Automatically generate embeddings for text, images, and structured data using pre-trained models.

## Key Capabilities

* Pre-trained models for common use cases
* Batch processing for efficiency
* Automatic handling of tokenization and preprocessing
* Support for custom models

## What is an Embedding?

Embeddings are vector representations of data.

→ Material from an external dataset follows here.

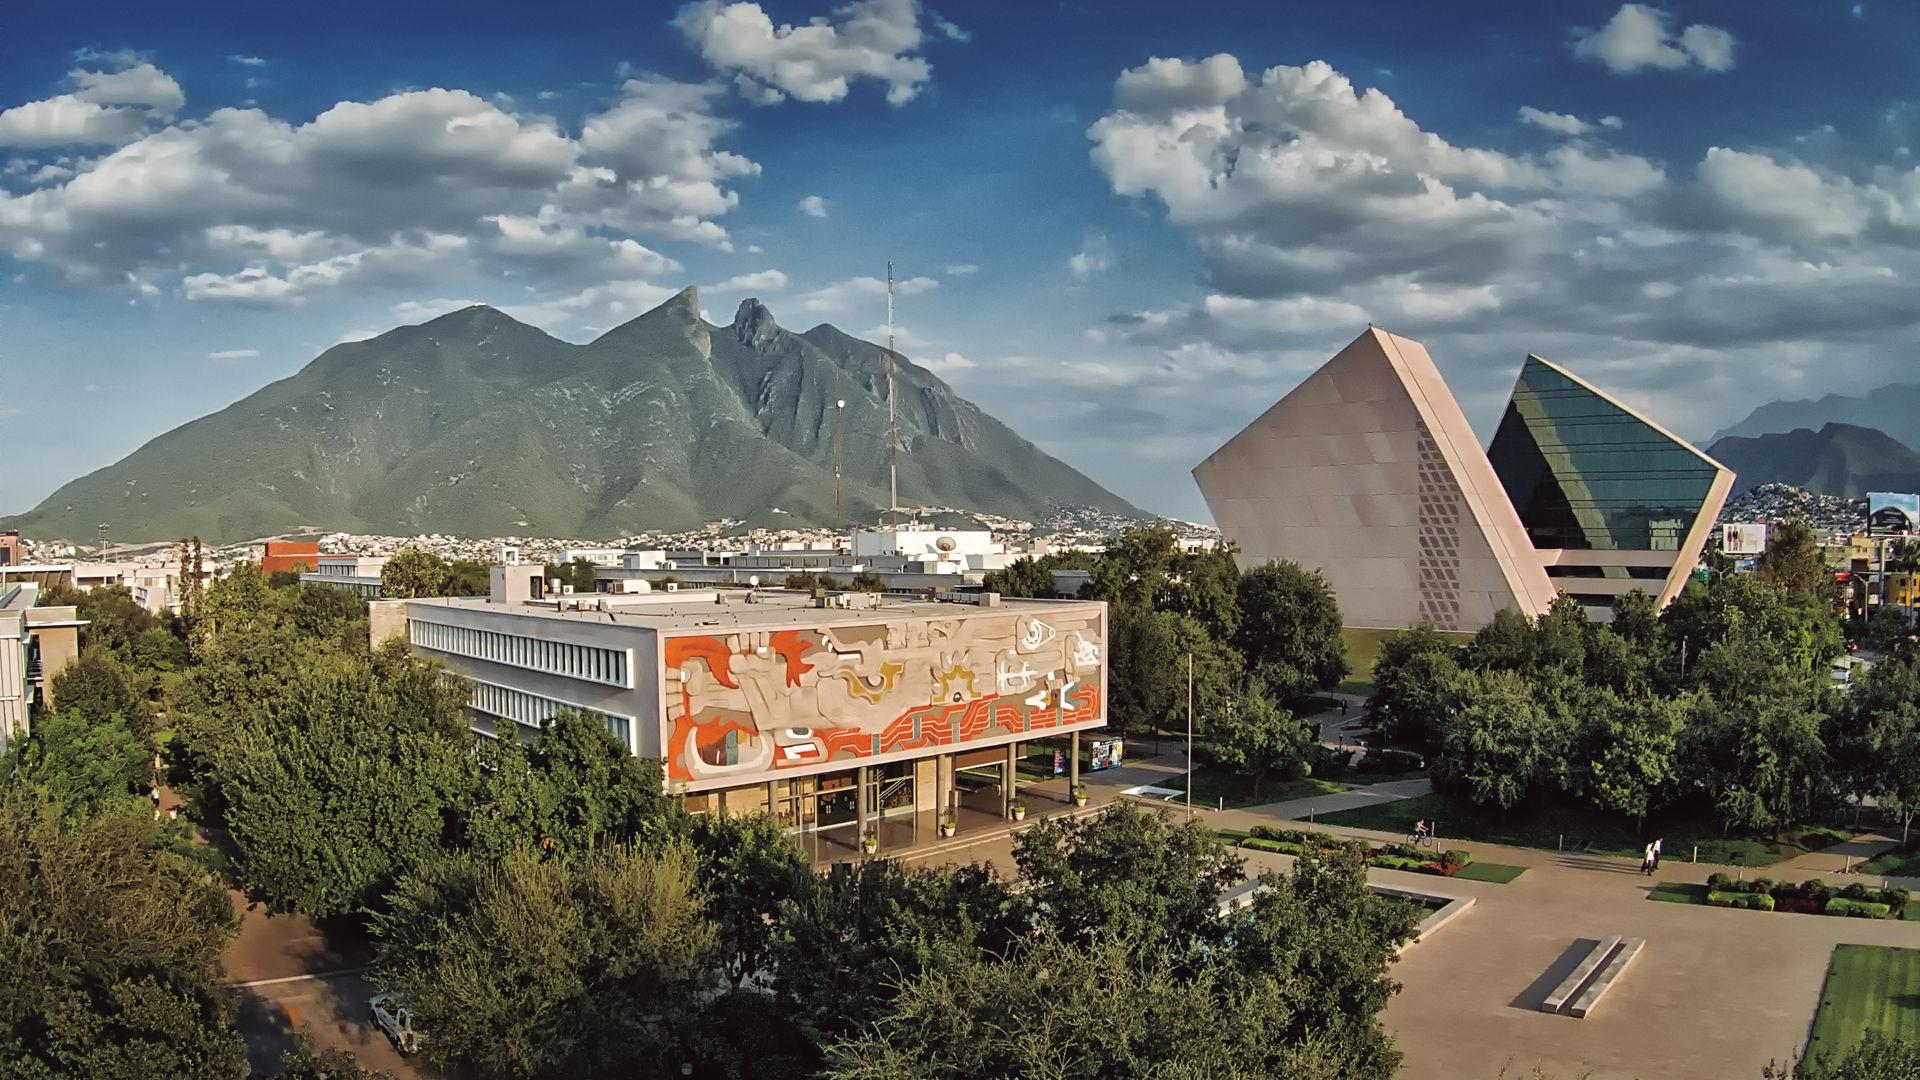 Vista panorámica de la ciudad de Monterrey en Nuevo León

Embeddings are everywhere in modern
deep learning, such as transformers, recommendation engines, layers of deep neural
networks, encoders, and decoders.

## Why Embeddings for Analyzing Deep Learning Models?

Data drift in unstructured data like images is complicated to measure. The measures
typically used for drift in structured data do not extend to unstructured data.
The general challenge with measuring unstructured data drift is that you need to
understand the change in relationships inside the unstructured data itself.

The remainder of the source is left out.